Он был первым властителем Англии, открыто признавшим культ нового божества – звонкой монеты и к славе удачливого полководца прибавившим еще и славу человека, способного извлекать деньги откуда угодно. Как известно, английские короли в вопросах финансов весьма зависимы от воли парламента, Эдуард же делал все возможное, чтобы созывать парламент как можно реже.
Долгое время он обходился теми средствами, что были захвачены у Ланкастеров, но, когда эти деньги иссякли, начал находить новые пути добыть их: то внезапно набрасывался на духовенство, требуя уплатить ему десятину за то, что он оставлял святым отцам мирские владения, то вдруг занялся порчей монеты, то поддержал горожан в их торговле сукном, столь выгодной для Англии, но в благодарность потребовал беневолиций – якобы доброхотных даров и займов.
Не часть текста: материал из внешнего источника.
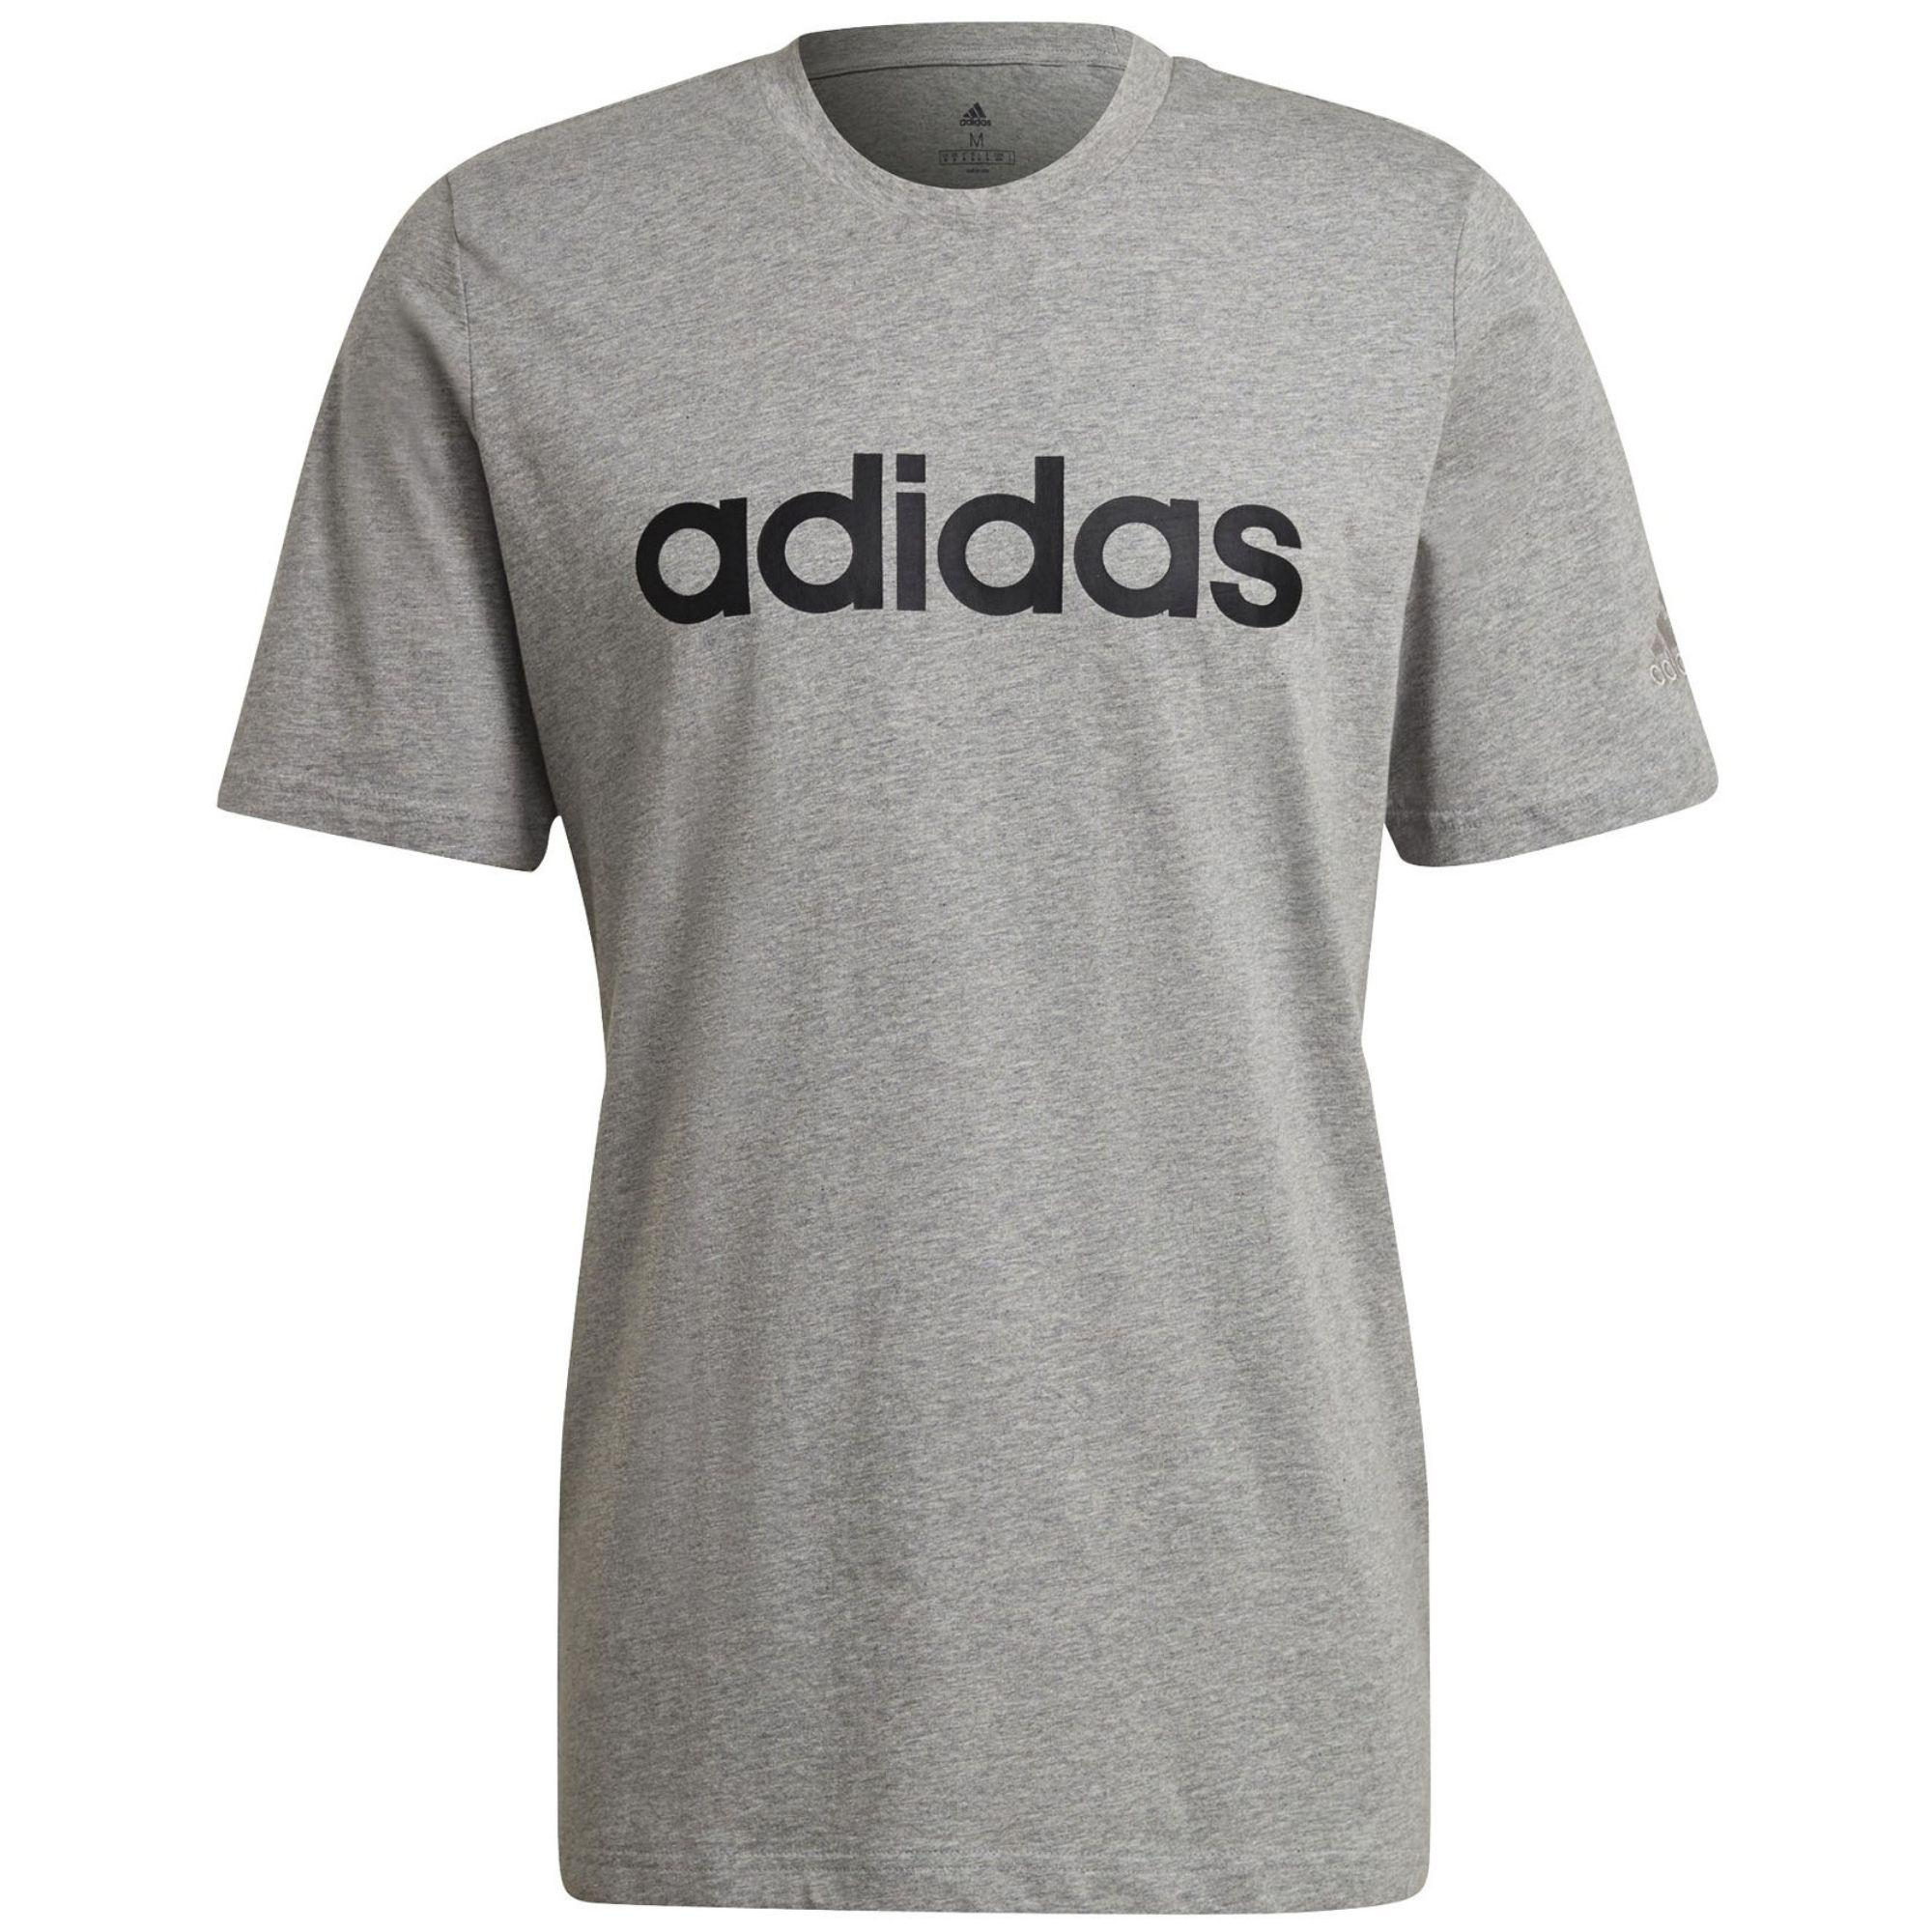 Camiseta ADIDAS ALGODON GRIS

Его министр Джон Мортон придумал великолепную формулировку, впоследствии получившую название «вилка Мортона»: «Если вы достаточно богаты, чтобы много тратить, то вы всегда найдете, чем поделиться с королем; если же вы недостаточно богаты, но экономны, то сможете найти средства, чтобы поделиться с королем».
Долгое время такое энергичное выкачивание денег из страны сходило королю с рук. Его подданные, уставшие от бесконечной войны Роз, терпеливо позволяли королю разорять себя, потому что их устраивала сильная королевская власть, положившая предел своеволию баронов, прекратившая народные волнения и разбойничьи грабежи на дорогах. Но мало-помалу в глубине Англии стал слышаться ропот недовольства.
Ореол величия и мудрости Эдуарда начал меркнуть, и люди вдруг вспомнили, как добр и милосерден был покойный Генрих Ланкастер, в какой строгости и целомудрии он содержал свой двор, как щедр был к бездомным и нуждающимся. Начал складываться культ святого Генриха, и все чаще можно было услышать, что прежняя династия была предпочтительнее для старой доброй Англии, а Ланкастеры куда более достойны трона, чем развращенный Эдуард Йорк.
Когда эти речи дошли до короля, он обеспокоился. И, как всегда в таких случаях, отправился искать совета и поддержки у королевы Элизабет.
Эдуард возвел на трон эту мелкопоместную дворяночку по страстной любви, и сей шаг повлек за собой не только новую гражданскую смуту в королевстве, но и низложение самого Эдуарда Делателем Королей. С тех пор влюбчивый Эдуард пережил столько увлечений, что можно было только диву даваться, как удалось Элизабет сохранить над супругом такую власть. Но королева была не только прекрасна, но и умна. С годами она почувствовала вкус власти, привыкла к почестям и всеобщему преклонению – и оказалось, что это само по себе стоит того, чтобы мириться с шалостями супруга.